Pichai blamed expectations that were too high for a system Google said was not done, but that people judged as a finished product nonetheless. "We knew things were broken there. People got very upset about trackpads. Perhaps people weren't ready for beta hardware," Pichai said.

A large part of the Chrome OS sales pitch is that, unlike people's PC experience, a Chromebook will get better with time as Google constantly upgrades the operating system--silently, in the background, with no user intervention. Even those initially weak trackpads in the Cr-48 got better with new software, he said.

"If tomorrow Brian makes WebGL great, suddenly Angry Birds works faster. Say you had a Cr-48 for six months. You just open your computer, and things just work faster," Pichai said. "We keep updating Chrome. All the GPU benefits working their way though Chrome make Chrome OS faster. We're going to offload more stuff to the GPU."

Google has high hopes for another technology called Native Client that, if the company can convince programmers to adopt it, could endow Web applications with the speed of native ones while not compromising security. Importantly, Google plans to build Chrome itself on a Native Client foundation.

Linus Upson, vice president of engineering for the Chrome team, believes Google will start that rebuilding process later this year, beginning with one piece of Chrome, the built-in PDF reader. Pichai was more cautious.

"Linus forgets not everyone codes as fast as he does," he said. "We have to make sure Native Client proves its way. After that we make sure we get Chrome running inside it."

But it is on the list, in part because Google is powerfully interested in Chrome security. And Chrome OS comes with a verified boot process, an encrypted file system by default, and plug-ins that run in a restricted sandbox, Pichai points out.

"Down the line, when we talk about Chrome running inside Native Client--a double or triple sandbox--that's what gets us excited. That's the kind of project that gets the best engineers in the world," Pichai said, positively glowing at the prospect.

Google's fast-changing Chrome can cause heartburn for some Web developers who already must constantly test their sites with an expanding number of browsers. Brian Rakowski, director of product management, said Google tests new versions of the browser to keep incompatibilities from encroaching.

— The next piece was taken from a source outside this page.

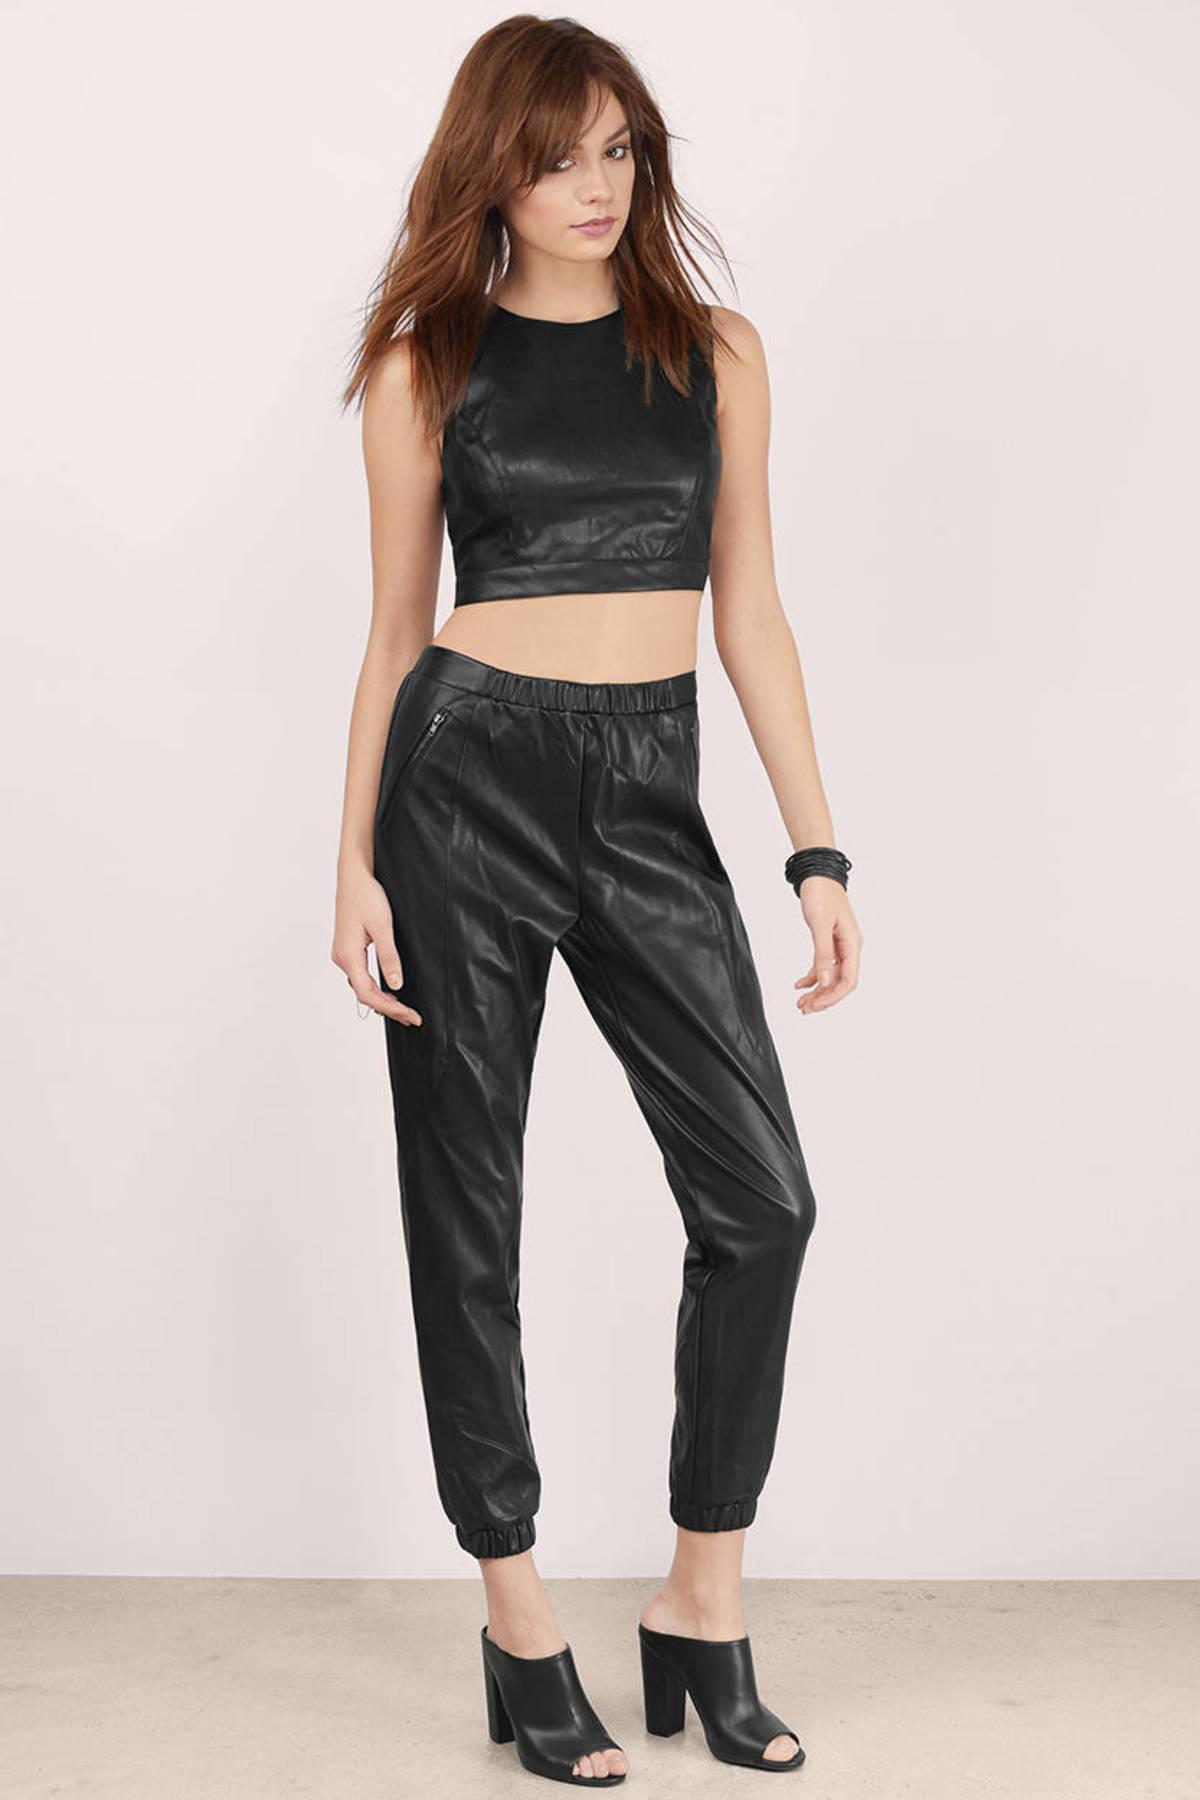 Leather Pants | Shop Leather Pants at Tobi

"We're careful with compatibility issues," Rakowski said. "The [Chrome] dev channel is good feedback for what's broken, at least in bigger sites," and Google adds new tests if it finds a site that stopped working so that incompatibility won't go unnoticed again.

In any event, Pichai clearly won't let up on the pace of Chrome change. The mission is to rebuild personal computing with the Internet deeply integrated, not patched on at a higher level.

"The benefits from a security standpoint, getting new APIs out, and just pushing the platform," outweigh the problems of keeping up with Chrome. "If you don't do this, I think the Web will fall behind the native platforms pretty quickly."